═══ Recorded data

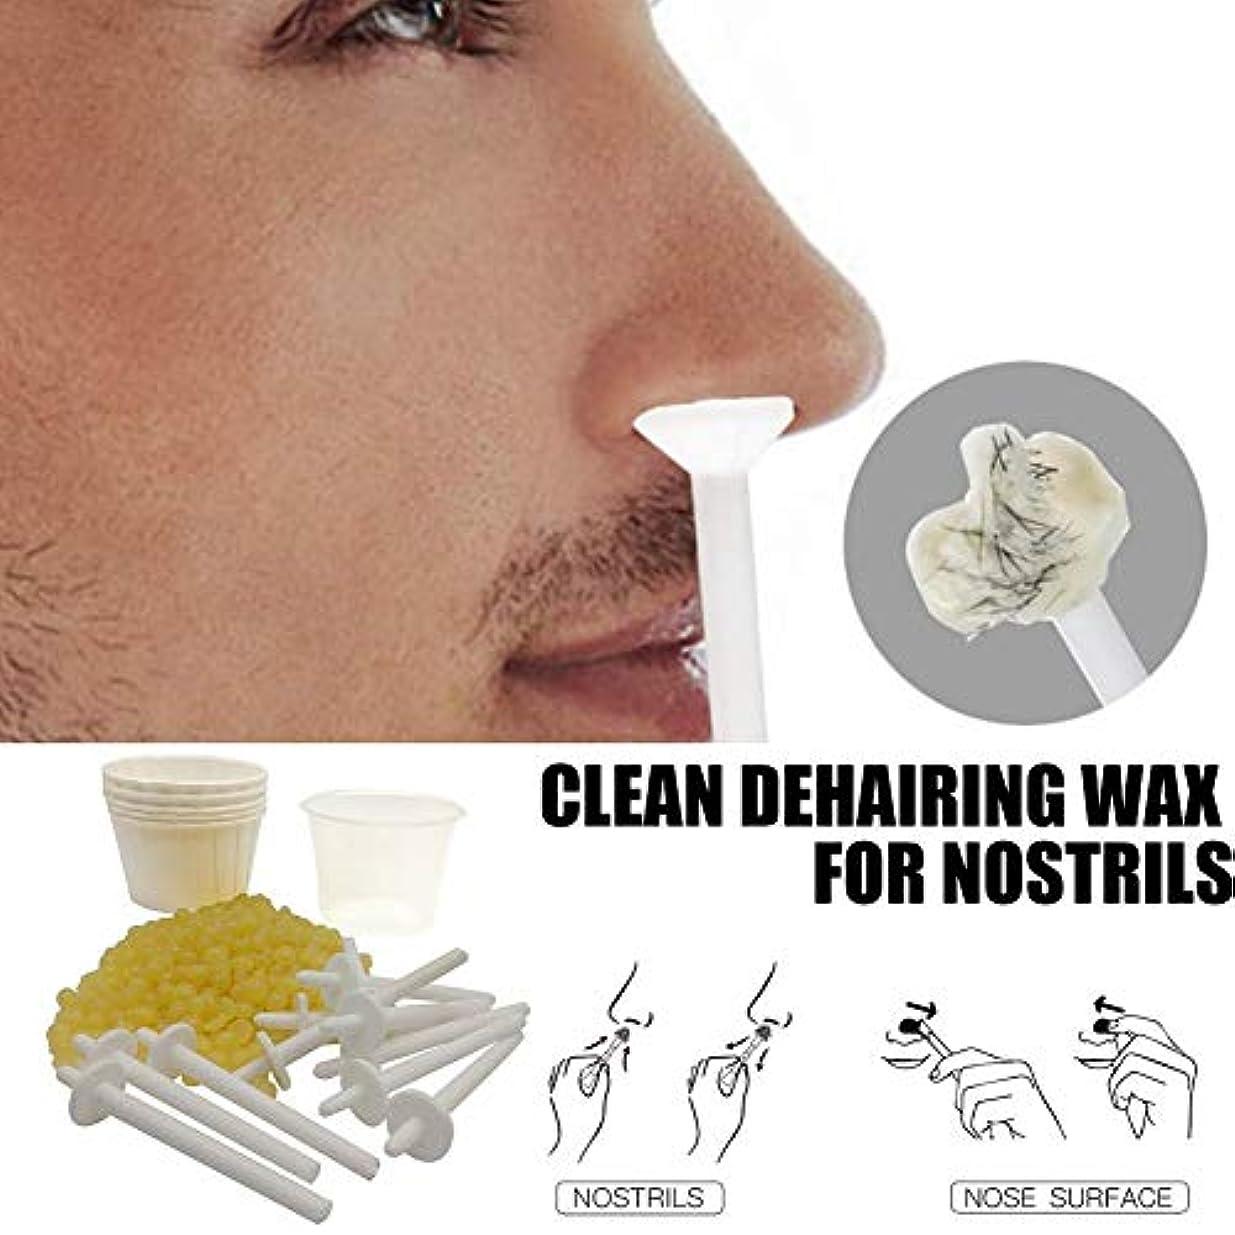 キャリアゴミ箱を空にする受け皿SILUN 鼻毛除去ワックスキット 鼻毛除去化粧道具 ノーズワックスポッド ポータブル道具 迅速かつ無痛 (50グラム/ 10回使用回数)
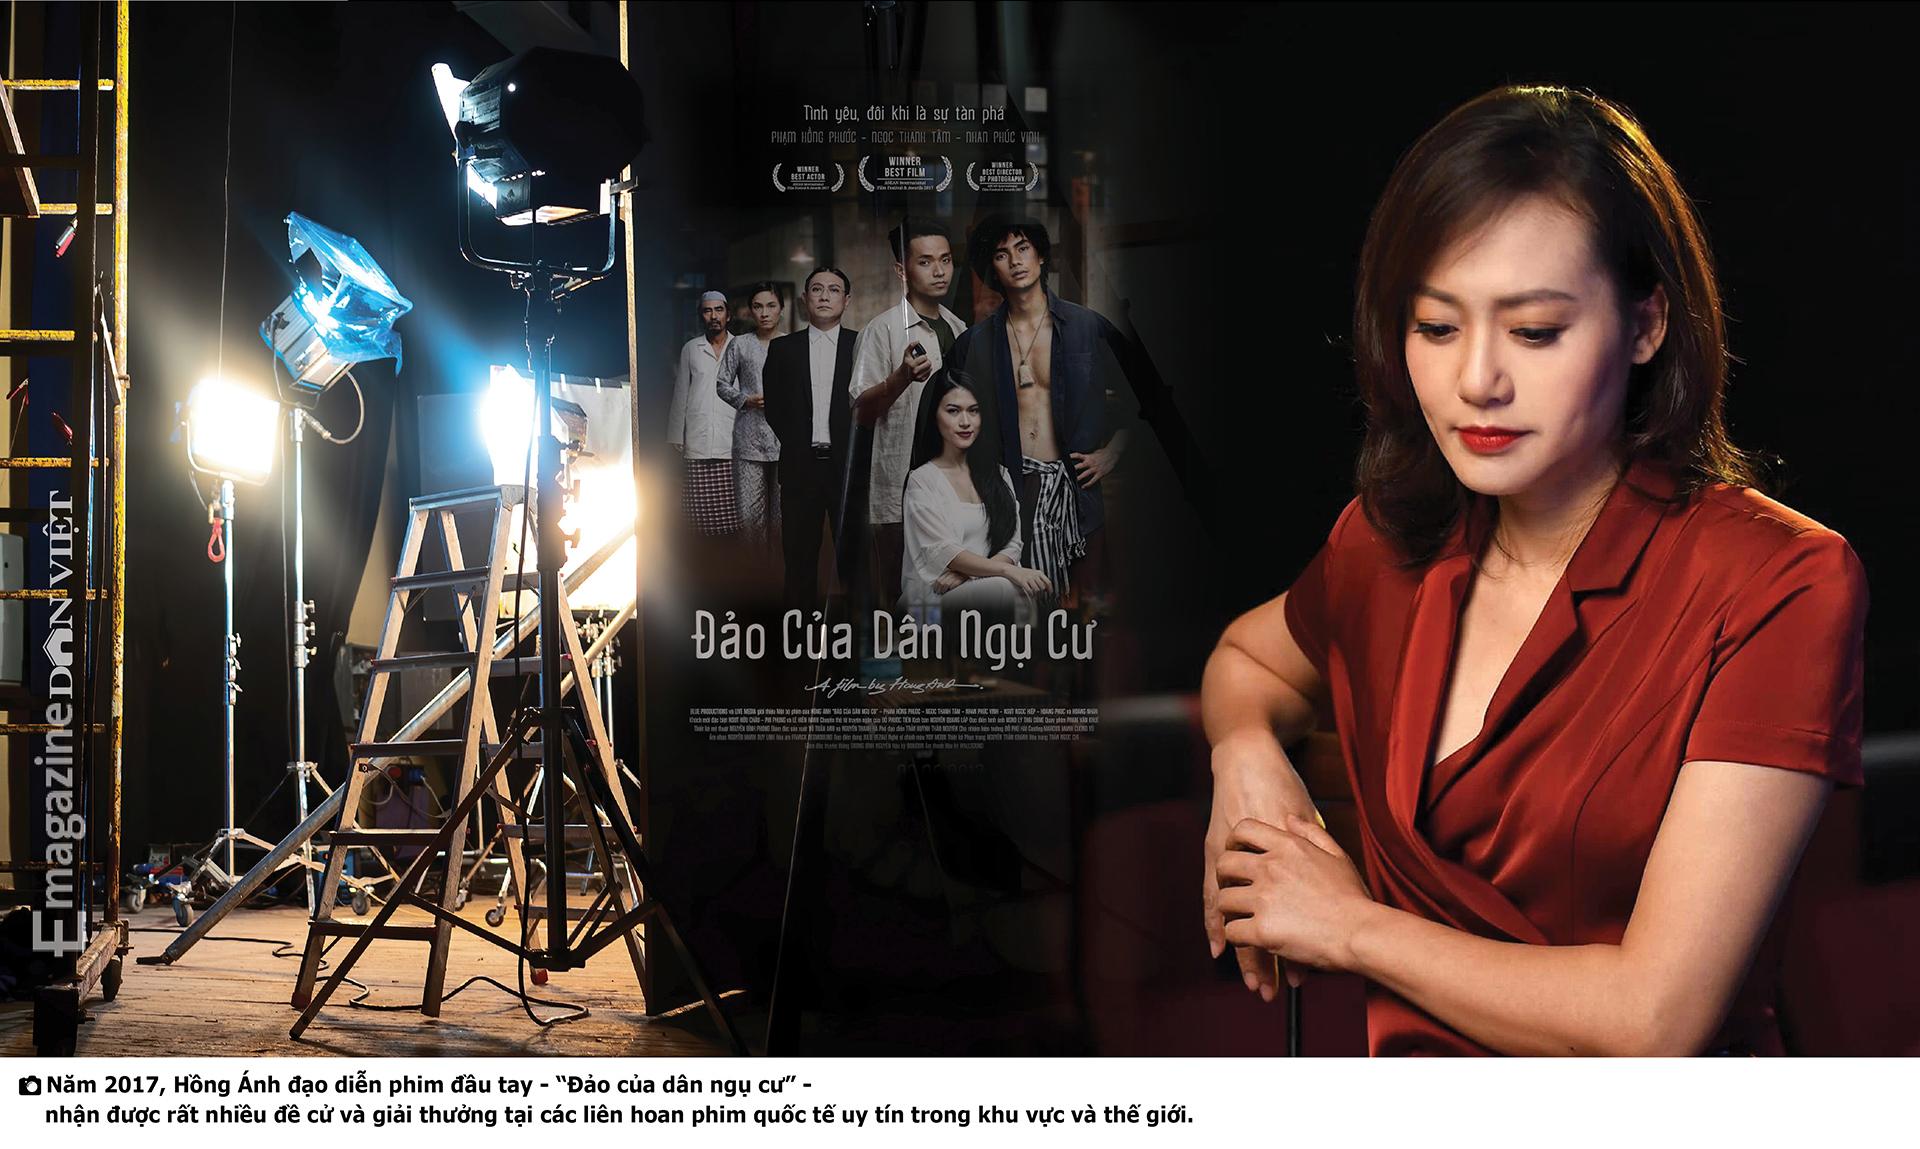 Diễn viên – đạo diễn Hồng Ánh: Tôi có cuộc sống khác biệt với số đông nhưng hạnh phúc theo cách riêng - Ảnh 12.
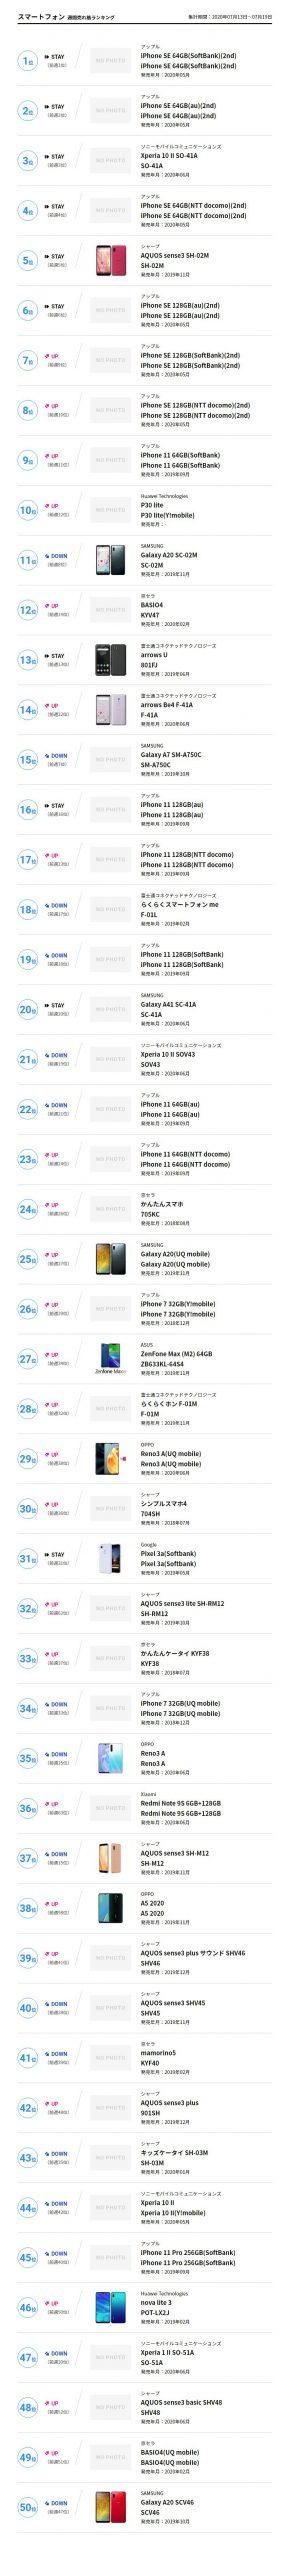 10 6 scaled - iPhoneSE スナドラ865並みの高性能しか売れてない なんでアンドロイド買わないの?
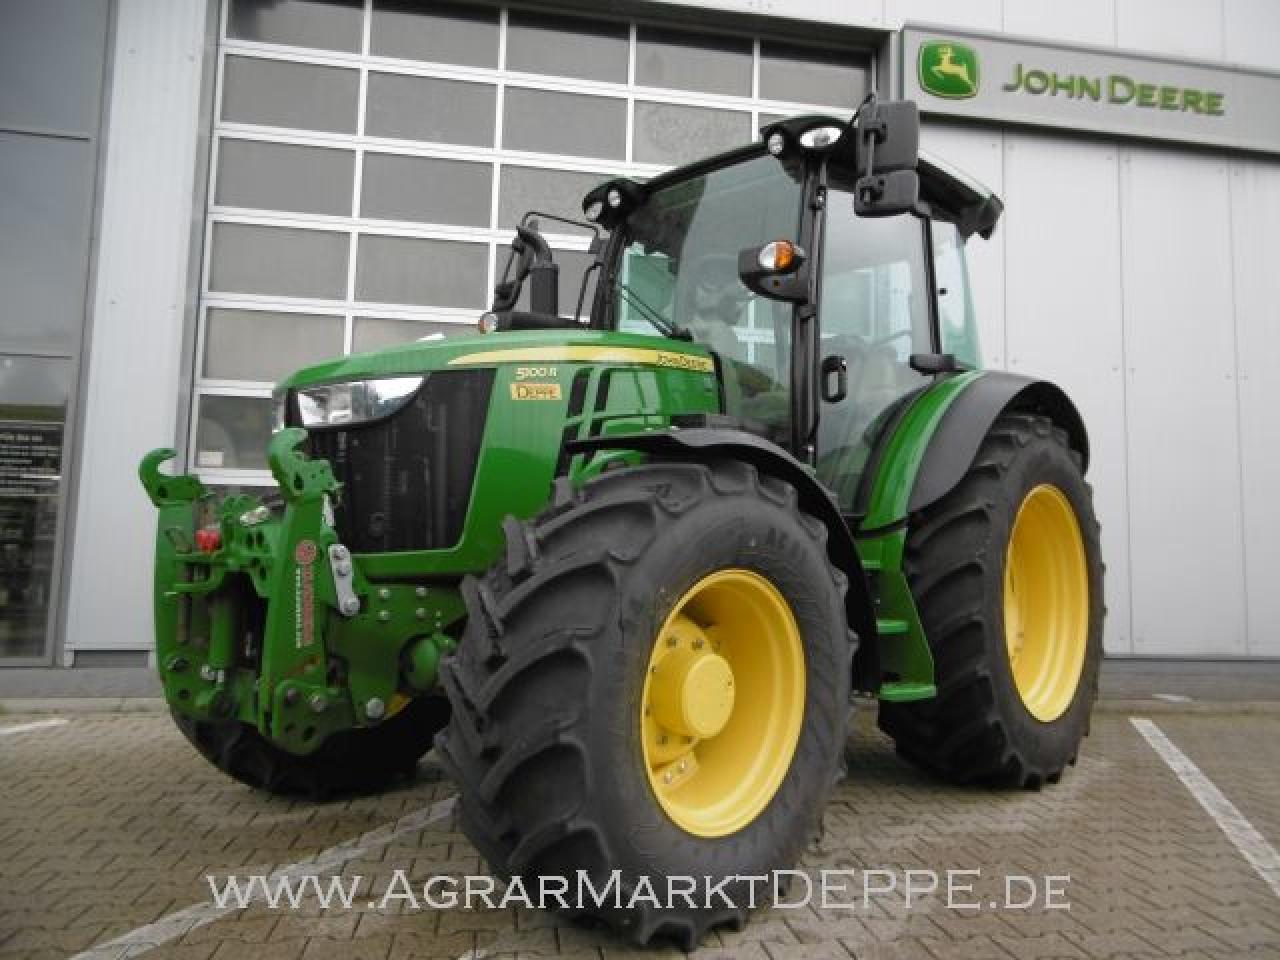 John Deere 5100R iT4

══════

→ **Work instructions**:
Without any of its images, the data above should be returned exactly.

→ **Task result**:
 キャリアゴミ箱を空にする受け皿SILUN 鼻毛除去ワックスキット 鼻毛除去化粧道具 ノーズワックスポッド ポータブル道具 迅速かつ無痛 (50グラム/ 10回使用回数)
 Diễn viên – đạo diễn Hồng Ánh: Tôi có cuộc sống khác biệt với số đông nhưng hạnh phúc theo cách riêng - Ảnh 12.
 10 6 scaled - iPhoneSE スナドラ865並みの高性能しか売れてない なんでアンドロイド買わないの?
 John Deere 5100R iT4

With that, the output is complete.